I was wondering if and how I can combine these tasks. For every input key/value pair the mapper could emit a "super key" that includes a task id and the task specific key data along with a value. This way reducers would get key/value pairs for a task and a task-specific key and could decide when seeing the "superkey" which task to perform on the included key and values.
In pseudo code:
map(key, value):
emit(SuperKey("Task 1", IncludedKey), value)
emit(SuperKey("Task 2", AnotherIncludedKey), value)
reduce(key, values):
if key.taskid == "Task 1":
for value in values:
// do stuff with key.includedkey and value
else:
// do something else
The key could be a WritableComparable which can include all the necessary information.
Note: the pseudo code suggests a terrible architecture and it can definitely be done in a smarter way.
My questions are:
Is this a sensible approach?
Are there better alternatives?
Does it have some terrible drawback?
Would I need a custom Partitioner class for this approach?
Context: The data consists of some millions of RDF quadruples and the tasks are to calculate clusters, statistics and similarities. Some tasks can be solved easily with just Hadoop Counters in a reducer, but some need multiple MapReduce steps.
The computation will eventually take place on Amazon's Elastic MapReduce. All tasks are to be computed on the whole dataset and as fast as possible.
Is this a sensible approach?
There's nothing inherently wrong with it, other than the coupling of the maintenance of the different jobs' logic. I believe it will save you on some disk I/O, which could be a win if your disk is a bottleneck for your process (on small clusters this can be the case).
Are there better alternatives?
It may be prudent to write a somewhat framework-y Mapper and Reducer which each accept as configuration parameters references to the classes to which they should defer for the actual mapping and reducing. This may solve the aforementioned coupling of the code (maybe you've already thought of this).
Does it have some terrible drawback?
The only thing I can think of is that if one of the tasks' map logic fails to complete its work in a timely manner, the scheduler may fire up another node to process that piece of input data; this could result in duplicate work, but without knowing more about your process, it's hard to say whether this would matter much. The same would hold for the reducers.
Would I need a custom Partitioner class for this approach?
Probably, depending on what you're doing. I think in general if you're writing a custom output WritableComparable, you'll need custom partitioning as well. There may be some library Partitioner that could be configurable for your needs, though (such as KeyFieldBasedPartitioner, if you make your output of type Text and using String field-separators instead of rolling your own).
HTH. If you can give a little more context, maybe I could offer more advice.
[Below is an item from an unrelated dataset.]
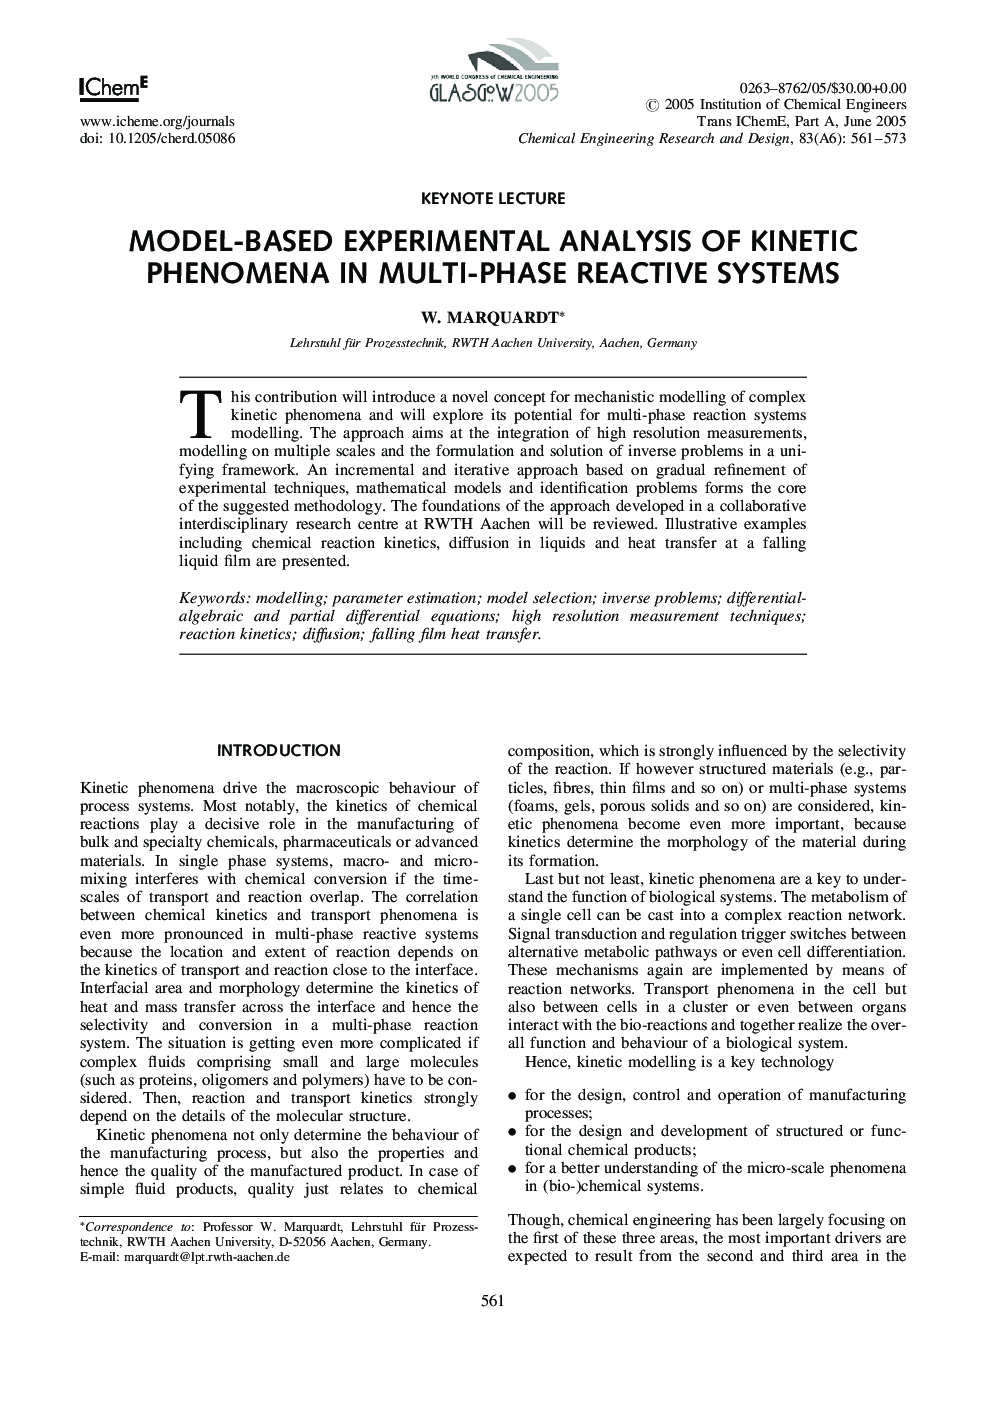 Model-Based Experimental Analysis of Kinetic Phenomena in Multi-Phase Reactive Systems

Good luck!
You can use:
Cascading
Oozie
Both are used to write workflows in hadoop.
I think Oozie is the best option for this. Its a workflow scheduler, where you can combine multiple hadoop jobs, where the output of one action node will be the input to the next action node. And if any of the action fails, then next time when u execute it again ,the scheduler starts from the point where the error was encountered.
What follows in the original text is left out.